I’m tired of making New Year’s resolutions. I get all attached to these very specific goals that I spend weeks thinking about, phrasing just so. And then all they do is serve as fodder for self flagellation as the year goes on and life takes over and veers me from my previously carefully constructed course. So I’m trying a different approach this year. Instead of setting goals for myself, I’m setting a challenge for myself. Which is where you and this new blog come in. As I’m sure you can infer from the title, I’m going to write exactly 365 words everyday for exactly 365 days.

The easiest part of this challenge will be putting pen to paper or fingers to keys as the case may be. My daily life is hectic, unpredictable and crazy enough to provide more than enough material for 365 measly words a day. The real challenge for me is going to be have the courage to share it with you, even when it’s messy, even when I know my words don’t make sense and especially when I’d rather just go to bed than talk to one more person about my own personal daily grind.

The secondary challenge is going to be staying present enough in every day that I can learn from this courage and from the sharing of my life with the people I love and maybe even some strangers.

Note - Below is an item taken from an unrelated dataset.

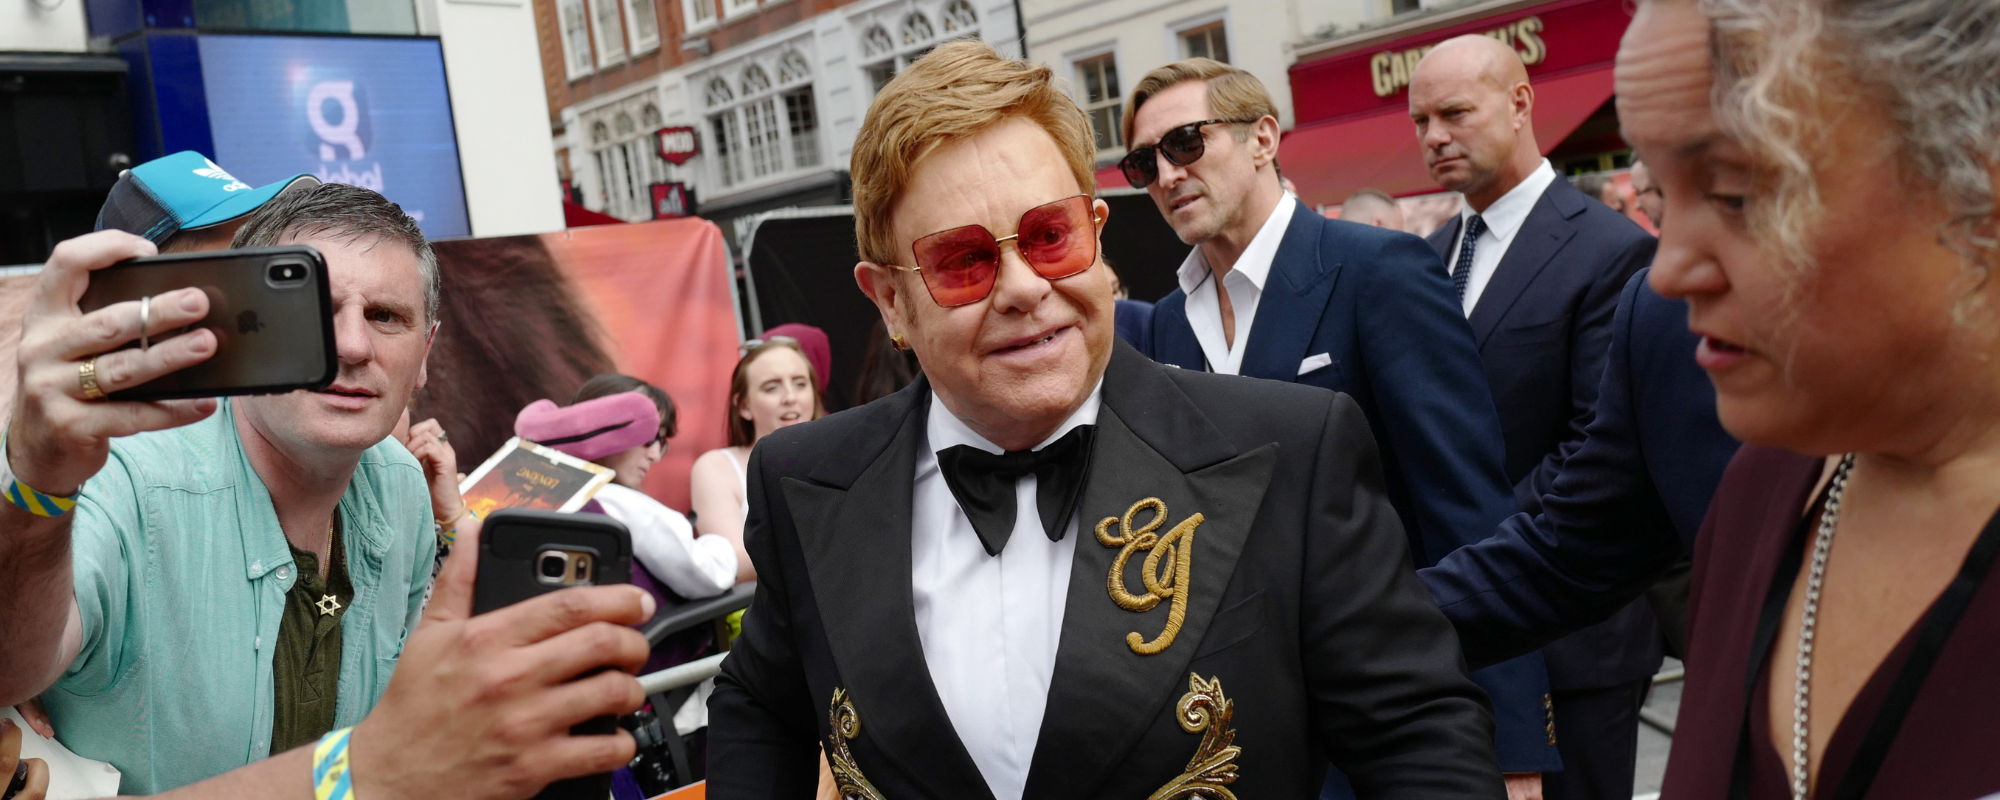 5 Elton John Hit Singles Not Written with Bernie Taupin (and There Are Some Big Ones!)

I’ve been trying to plan this for weeks. Figure out what tone I want to set. If I can just write stream of consciousness everyday or if I should be more professional about that. Is it ok to share the really hard days along with the everyday days? Or should I just focus on being eloquent and how the words fit together rather than what they’re actually saying.

I’ve decided that for now, I’m going to let my courage do the talking and let the rest fall as it may. I’ve made peace with the fact that my words won’t always be what I want them to be and they won’t always make sense. But they will always number 365. Go ahead, you can count them. See you tomorrow.